Exercise requirements:
Only the lines below starting at the one containing "GMC ACADIA 2014" and ending at the one containing "See Instruments" belong in the answer, each copied exactly.

### Task data ###

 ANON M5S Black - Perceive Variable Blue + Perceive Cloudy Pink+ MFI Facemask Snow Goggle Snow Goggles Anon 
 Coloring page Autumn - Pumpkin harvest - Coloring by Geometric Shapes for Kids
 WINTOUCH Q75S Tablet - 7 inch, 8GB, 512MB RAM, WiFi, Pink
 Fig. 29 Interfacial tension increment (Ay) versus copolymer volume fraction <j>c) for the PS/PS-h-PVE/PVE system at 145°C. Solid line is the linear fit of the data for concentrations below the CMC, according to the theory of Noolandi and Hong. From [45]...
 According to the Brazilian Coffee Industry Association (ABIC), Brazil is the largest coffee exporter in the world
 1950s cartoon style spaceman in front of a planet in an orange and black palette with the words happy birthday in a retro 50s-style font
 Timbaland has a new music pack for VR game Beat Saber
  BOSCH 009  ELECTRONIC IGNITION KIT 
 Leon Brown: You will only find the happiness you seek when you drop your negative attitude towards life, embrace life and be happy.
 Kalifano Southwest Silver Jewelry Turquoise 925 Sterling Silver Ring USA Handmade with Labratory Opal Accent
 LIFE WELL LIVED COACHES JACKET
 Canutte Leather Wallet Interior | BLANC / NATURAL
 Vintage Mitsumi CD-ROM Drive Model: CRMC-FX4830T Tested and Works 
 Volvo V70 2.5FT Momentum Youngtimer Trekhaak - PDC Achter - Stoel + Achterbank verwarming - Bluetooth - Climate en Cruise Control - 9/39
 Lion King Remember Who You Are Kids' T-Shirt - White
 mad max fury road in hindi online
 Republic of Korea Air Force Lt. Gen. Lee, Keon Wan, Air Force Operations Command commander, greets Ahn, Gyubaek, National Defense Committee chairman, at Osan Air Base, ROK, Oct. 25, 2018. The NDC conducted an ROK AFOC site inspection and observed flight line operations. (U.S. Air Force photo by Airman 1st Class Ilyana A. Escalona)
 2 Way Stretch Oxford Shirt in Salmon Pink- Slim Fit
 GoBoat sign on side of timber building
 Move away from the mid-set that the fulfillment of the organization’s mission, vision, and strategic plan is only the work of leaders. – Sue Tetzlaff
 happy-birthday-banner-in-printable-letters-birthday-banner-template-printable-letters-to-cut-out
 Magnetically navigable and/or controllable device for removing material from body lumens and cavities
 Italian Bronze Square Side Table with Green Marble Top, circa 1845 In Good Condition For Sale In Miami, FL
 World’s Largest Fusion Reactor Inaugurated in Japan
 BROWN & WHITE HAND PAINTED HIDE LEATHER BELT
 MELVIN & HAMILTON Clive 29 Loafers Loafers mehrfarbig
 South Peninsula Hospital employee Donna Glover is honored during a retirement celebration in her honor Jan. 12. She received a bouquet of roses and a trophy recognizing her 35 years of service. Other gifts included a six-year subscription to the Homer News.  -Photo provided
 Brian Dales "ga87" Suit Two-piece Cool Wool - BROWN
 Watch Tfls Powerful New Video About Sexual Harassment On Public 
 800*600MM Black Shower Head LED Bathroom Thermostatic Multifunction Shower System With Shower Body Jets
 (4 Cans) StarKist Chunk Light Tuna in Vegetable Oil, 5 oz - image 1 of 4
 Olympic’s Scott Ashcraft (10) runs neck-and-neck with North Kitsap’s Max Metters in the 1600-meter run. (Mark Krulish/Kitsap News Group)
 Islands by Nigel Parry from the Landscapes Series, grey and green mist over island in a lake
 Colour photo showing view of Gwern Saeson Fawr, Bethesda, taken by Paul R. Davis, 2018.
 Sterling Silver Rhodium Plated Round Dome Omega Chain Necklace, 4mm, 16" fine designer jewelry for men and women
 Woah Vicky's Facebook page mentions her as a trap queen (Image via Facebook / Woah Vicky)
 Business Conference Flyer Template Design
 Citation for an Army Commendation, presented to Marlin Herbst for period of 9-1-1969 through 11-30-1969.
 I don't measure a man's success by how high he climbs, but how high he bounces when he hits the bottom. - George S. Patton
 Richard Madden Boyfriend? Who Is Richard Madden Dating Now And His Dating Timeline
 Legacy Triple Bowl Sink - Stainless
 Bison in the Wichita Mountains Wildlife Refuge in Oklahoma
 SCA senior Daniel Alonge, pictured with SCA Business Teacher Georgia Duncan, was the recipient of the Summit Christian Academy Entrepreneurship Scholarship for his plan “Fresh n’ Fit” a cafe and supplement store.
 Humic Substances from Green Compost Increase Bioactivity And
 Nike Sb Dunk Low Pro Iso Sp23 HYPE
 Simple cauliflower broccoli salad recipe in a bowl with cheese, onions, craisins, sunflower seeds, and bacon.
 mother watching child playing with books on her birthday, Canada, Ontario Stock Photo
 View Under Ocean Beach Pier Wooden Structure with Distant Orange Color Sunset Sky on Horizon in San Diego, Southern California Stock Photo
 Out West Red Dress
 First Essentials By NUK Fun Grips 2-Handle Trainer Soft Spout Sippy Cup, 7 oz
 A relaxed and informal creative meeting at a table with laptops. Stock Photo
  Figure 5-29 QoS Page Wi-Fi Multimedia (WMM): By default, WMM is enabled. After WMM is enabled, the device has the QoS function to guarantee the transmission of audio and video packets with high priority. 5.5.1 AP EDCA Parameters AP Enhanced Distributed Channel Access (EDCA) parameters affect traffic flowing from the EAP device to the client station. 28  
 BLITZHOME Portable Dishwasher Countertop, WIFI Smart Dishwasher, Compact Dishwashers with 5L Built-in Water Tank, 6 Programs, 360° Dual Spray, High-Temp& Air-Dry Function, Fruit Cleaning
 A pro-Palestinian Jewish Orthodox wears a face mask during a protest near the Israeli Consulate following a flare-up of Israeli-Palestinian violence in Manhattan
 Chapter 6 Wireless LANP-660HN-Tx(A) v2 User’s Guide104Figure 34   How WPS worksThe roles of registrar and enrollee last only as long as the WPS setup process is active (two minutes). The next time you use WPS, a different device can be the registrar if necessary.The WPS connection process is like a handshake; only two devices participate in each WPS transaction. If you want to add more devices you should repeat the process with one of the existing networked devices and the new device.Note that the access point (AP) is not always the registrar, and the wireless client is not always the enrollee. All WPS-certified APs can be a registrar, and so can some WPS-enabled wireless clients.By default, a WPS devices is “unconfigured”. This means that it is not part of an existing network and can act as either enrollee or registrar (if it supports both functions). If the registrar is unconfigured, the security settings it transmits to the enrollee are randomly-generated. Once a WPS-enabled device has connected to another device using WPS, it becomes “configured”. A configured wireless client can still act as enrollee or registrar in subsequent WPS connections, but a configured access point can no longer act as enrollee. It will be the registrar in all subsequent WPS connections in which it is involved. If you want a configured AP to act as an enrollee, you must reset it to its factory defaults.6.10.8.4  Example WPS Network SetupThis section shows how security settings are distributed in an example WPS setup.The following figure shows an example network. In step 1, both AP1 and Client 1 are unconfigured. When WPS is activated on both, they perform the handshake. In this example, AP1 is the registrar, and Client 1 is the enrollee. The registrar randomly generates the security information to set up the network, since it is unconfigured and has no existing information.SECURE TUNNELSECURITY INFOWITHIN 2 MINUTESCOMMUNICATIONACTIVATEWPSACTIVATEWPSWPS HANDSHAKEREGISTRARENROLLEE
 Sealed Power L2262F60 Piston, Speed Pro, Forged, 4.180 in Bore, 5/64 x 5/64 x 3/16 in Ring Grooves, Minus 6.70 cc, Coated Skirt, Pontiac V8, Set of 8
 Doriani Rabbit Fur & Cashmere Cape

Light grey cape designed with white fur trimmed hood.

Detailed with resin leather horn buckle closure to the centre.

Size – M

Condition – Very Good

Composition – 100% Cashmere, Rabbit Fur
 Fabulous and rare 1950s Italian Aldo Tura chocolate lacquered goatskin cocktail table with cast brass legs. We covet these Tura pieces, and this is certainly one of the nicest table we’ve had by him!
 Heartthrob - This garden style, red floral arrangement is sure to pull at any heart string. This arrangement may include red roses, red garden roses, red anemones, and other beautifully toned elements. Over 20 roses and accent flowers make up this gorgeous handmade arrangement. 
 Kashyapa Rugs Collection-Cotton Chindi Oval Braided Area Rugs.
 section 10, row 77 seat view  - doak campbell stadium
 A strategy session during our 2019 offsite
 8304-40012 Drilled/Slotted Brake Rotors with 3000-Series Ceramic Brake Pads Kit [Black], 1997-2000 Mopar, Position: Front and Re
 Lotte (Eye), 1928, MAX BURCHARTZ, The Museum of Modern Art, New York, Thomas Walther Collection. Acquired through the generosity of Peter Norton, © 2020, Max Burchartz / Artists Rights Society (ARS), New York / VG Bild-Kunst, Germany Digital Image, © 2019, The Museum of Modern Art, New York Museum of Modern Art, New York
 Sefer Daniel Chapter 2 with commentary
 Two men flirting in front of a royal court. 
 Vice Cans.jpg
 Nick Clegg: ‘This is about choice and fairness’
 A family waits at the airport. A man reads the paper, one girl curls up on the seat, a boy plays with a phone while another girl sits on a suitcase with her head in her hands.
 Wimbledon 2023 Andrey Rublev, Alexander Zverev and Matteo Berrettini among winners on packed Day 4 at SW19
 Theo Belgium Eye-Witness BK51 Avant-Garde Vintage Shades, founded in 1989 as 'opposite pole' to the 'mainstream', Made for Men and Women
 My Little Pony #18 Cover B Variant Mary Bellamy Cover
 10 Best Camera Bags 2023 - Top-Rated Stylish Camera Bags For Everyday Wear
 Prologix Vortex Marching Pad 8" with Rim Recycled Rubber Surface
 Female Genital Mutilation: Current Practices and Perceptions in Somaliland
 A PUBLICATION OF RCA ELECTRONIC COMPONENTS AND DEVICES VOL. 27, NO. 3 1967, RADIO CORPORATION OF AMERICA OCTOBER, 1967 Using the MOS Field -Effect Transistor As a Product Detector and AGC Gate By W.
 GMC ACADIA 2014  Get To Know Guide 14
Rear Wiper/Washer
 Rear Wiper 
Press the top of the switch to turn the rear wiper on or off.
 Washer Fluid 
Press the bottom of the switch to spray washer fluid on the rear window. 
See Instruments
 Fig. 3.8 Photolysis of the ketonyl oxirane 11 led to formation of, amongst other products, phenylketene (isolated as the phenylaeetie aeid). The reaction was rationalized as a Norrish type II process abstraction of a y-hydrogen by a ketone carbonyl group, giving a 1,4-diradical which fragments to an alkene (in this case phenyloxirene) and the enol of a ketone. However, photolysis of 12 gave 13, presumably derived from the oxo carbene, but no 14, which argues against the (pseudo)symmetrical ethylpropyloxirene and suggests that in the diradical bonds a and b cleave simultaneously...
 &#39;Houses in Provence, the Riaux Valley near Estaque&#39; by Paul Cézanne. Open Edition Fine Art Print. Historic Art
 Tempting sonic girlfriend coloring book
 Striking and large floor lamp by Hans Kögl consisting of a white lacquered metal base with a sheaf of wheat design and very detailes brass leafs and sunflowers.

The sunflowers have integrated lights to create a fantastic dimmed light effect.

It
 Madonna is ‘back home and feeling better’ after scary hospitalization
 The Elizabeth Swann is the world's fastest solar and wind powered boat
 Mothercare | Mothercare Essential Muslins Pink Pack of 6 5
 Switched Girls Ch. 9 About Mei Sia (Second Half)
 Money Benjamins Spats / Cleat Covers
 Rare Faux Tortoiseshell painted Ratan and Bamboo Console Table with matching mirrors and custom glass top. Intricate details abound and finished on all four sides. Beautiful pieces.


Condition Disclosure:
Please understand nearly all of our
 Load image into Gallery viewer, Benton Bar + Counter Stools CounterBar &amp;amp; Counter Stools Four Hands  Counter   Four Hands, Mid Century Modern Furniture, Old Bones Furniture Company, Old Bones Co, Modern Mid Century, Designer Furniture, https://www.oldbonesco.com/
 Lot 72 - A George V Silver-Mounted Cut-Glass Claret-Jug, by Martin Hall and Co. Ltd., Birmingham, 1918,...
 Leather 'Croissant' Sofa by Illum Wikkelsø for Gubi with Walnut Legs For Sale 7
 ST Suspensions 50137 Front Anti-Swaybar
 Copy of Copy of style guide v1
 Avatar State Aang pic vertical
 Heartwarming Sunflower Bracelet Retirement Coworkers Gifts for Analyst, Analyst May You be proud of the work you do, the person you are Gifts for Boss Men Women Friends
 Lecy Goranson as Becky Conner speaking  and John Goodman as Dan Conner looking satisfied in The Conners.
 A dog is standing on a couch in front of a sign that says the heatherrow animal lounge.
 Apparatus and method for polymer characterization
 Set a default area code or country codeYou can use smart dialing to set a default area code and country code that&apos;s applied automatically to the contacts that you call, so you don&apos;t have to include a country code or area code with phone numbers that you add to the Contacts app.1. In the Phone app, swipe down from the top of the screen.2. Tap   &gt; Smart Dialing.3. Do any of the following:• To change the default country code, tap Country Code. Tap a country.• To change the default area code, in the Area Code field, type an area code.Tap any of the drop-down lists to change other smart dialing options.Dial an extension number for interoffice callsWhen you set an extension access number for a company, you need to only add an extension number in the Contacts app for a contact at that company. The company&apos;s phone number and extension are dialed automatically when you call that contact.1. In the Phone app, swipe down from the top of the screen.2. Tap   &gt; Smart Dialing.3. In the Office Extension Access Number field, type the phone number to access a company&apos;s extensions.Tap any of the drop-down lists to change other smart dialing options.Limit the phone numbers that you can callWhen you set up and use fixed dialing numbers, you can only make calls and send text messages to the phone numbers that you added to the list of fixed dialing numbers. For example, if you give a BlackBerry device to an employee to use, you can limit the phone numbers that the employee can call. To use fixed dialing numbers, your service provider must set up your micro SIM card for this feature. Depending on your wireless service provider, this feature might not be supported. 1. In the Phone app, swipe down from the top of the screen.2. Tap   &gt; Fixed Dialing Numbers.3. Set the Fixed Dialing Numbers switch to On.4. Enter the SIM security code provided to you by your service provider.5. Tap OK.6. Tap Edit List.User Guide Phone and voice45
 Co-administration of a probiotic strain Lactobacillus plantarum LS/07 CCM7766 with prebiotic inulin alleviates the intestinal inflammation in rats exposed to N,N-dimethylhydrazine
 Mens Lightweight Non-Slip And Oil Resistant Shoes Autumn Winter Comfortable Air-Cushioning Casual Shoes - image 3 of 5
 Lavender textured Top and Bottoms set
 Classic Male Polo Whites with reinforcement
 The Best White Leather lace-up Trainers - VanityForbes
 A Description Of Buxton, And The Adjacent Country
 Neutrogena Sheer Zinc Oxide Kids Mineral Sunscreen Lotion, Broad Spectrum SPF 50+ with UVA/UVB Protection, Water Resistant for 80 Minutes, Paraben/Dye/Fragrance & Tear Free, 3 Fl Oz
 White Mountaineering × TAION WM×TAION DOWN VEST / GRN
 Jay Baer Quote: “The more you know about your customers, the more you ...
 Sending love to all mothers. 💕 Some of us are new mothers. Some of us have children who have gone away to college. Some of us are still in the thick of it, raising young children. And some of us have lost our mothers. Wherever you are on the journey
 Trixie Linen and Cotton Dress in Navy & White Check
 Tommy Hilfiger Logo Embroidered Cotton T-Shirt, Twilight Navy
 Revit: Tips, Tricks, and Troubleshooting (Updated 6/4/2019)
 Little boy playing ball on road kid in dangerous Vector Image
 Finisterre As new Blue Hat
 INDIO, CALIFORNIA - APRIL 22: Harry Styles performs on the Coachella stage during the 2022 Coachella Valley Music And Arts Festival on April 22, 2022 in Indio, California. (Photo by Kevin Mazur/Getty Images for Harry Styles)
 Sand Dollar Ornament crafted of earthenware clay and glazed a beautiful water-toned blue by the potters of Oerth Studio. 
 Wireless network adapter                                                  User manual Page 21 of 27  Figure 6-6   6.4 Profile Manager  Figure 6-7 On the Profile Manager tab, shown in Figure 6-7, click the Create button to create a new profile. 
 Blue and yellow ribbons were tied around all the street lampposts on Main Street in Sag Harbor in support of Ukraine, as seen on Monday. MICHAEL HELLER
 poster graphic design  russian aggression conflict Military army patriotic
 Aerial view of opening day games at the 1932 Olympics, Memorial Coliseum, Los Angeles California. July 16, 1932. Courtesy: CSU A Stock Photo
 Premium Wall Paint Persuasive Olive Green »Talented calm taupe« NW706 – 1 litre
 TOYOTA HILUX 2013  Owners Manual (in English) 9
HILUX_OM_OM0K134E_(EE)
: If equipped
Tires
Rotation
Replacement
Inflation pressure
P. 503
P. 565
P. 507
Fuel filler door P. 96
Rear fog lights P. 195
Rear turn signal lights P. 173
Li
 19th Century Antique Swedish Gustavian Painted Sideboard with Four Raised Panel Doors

###

Task solution:
 GMC ACADIA 2014  Get To Know Guide 14
Rear Wiper/Washer
 Rear Wiper 
Press the top of the switch to turn the rear wiper on or off.
 Washer Fluid 
Press the bottom of the switch to spray washer fluid on the rear window. 
See Instruments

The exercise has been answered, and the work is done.